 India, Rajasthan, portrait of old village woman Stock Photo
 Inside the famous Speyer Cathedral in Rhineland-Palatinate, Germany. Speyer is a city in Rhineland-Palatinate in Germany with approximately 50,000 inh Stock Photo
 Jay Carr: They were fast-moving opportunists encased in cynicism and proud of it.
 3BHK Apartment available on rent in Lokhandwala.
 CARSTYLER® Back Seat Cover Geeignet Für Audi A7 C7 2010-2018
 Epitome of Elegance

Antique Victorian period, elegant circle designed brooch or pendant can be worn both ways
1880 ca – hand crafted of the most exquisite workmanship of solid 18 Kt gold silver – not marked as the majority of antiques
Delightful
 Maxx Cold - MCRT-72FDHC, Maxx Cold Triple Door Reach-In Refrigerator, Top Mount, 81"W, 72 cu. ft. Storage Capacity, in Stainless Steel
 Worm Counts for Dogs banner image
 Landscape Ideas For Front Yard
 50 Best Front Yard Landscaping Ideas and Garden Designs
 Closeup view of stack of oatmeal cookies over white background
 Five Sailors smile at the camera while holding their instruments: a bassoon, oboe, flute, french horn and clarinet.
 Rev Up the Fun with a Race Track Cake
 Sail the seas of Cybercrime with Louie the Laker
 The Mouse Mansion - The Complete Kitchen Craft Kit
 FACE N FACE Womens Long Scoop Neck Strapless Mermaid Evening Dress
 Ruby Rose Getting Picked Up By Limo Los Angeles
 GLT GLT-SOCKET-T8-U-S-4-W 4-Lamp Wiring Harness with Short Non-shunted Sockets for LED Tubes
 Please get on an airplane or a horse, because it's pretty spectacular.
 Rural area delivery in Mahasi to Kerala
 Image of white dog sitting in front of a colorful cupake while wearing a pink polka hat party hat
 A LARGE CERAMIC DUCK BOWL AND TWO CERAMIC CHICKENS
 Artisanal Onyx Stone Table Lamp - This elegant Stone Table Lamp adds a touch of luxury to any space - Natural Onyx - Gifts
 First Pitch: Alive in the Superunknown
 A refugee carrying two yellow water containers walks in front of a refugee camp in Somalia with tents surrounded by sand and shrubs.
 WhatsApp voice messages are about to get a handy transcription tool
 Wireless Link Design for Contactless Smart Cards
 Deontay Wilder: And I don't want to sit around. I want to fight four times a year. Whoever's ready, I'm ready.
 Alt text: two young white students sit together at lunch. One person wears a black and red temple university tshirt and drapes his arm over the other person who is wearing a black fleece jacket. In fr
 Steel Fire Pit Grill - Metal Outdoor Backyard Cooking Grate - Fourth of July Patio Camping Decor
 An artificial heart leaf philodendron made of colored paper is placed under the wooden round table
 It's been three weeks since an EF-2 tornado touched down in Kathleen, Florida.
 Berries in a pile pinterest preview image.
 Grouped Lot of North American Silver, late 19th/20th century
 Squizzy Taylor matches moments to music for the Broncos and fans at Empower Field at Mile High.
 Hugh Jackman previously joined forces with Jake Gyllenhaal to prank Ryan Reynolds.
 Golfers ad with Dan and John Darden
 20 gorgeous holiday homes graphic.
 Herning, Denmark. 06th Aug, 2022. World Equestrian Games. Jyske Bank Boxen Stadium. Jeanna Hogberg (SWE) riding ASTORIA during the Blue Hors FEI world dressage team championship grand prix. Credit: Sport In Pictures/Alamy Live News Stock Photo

--------------------

== Aim of the task ==
Return each line of the data above verbatim.

== Answer to the exercise ==
 India, Rajasthan, portrait of old village woman Stock Photo
 Inside the famous Speyer Cathedral in Rhineland-Palatinate, Germany. Speyer is a city in Rhineland-Palatinate in Germany with approximately 50,000 inh Stock Photo
 Jay Carr: They were fast-moving opportunists encased in cynicism and proud of it.
 3BHK Apartment available on rent in Lokhandwala.
 CARSTYLER® Back Seat Cover Geeignet Für Audi A7 C7 2010-2018
 Epitome of Elegance

Antique Victorian period, elegant circle designed brooch or pendant can be worn both ways
1880 ca – hand crafted of the most exquisite workmanship of solid 18 Kt gold silver – not marked as the majority of antiques
Delightful
 Maxx Cold - MCRT-72FDHC, Maxx Cold Triple Door Reach-In Refrigerator, Top Mount, 81"W, 72 cu. ft. Storage Capacity, in Stainless Steel
 Worm Counts for Dogs banner image
 Landscape Ideas For Front Yard
 50 Best Front Yard Landscaping Ideas and Garden Designs
 Closeup view of stack of oatmeal cookies over white background
 Five Sailors smile at the camera while holding their instruments: a bassoon, oboe, flute, french horn and clarinet.
 Rev Up the Fun with a Race Track Cake
 Sail the seas of Cybercrime with Louie the Laker
 The Mouse Mansion - The Complete Kitchen Craft Kit
 FACE N FACE Womens Long Scoop Neck Strapless Mermaid Evening Dress
 Ruby Rose Getting Picked Up By Limo Los Angeles
 GLT GLT-SOCKET-T8-U-S-4-W 4-Lamp Wiring Harness with Short Non-shunted Sockets for LED Tubes
 Please get on an airplane or a horse, because it's pretty spectacular.
 Rural area delivery in Mahasi to Kerala
 Image of white dog sitting in front of a colorful cupake while wearing a pink polka hat party hat
 A LARGE CERAMIC DUCK BOWL AND TWO CERAMIC CHICKENS
 Artisanal Onyx Stone Table Lamp - This elegant Stone Table Lamp adds a touch of luxury to any space - Natural Onyx - Gifts
 First Pitch: Alive in the Superunknown
 A refugee carrying two yellow water containers walks in front of a refugee camp in Somalia with tents surrounded by sand and shrubs.
 WhatsApp voice messages are about to get a handy transcription tool
 Wireless Link Design for Contactless Smart Cards
 Deontay Wilder: And I don't want to sit around. I want to fight four times a year. Whoever's ready, I'm ready.
 Alt text: two young white students sit together at lunch. One person wears a black and red temple university tshirt and drapes his arm over the other person who is wearing a black fleece jacket. In fr
 Steel Fire Pit Grill - Metal Outdoor Backyard Cooking Grate - Fourth of July Patio Camping Decor
 An artificial heart leaf philodendron made of colored paper is placed under the wooden round table
 It's been three weeks since an EF-2 tornado touched down in Kathleen, Florida.
 Berries in a pile pinterest preview image.
 Grouped Lot of North American Silver, late 19th/20th century
 Squizzy Taylor matches moments to music for the Broncos and fans at Empower Field at Mile High.
 Hugh Jackman previously joined forces with Jake Gyllenhaal to prank Ryan Reynolds.
 Golfers ad with Dan and John Darden
 20 gorgeous holiday homes graphic.
 Herning, Denmark. 06th Aug, 2022. World Equestrian Games. Jyske Bank Boxen Stadium. Jeanna Hogberg (SWE) riding ASTORIA during the Blue Hors FEI world dressage team championship grand prix. Credit: Sport In Pictures/Alamy Live News Stock Photo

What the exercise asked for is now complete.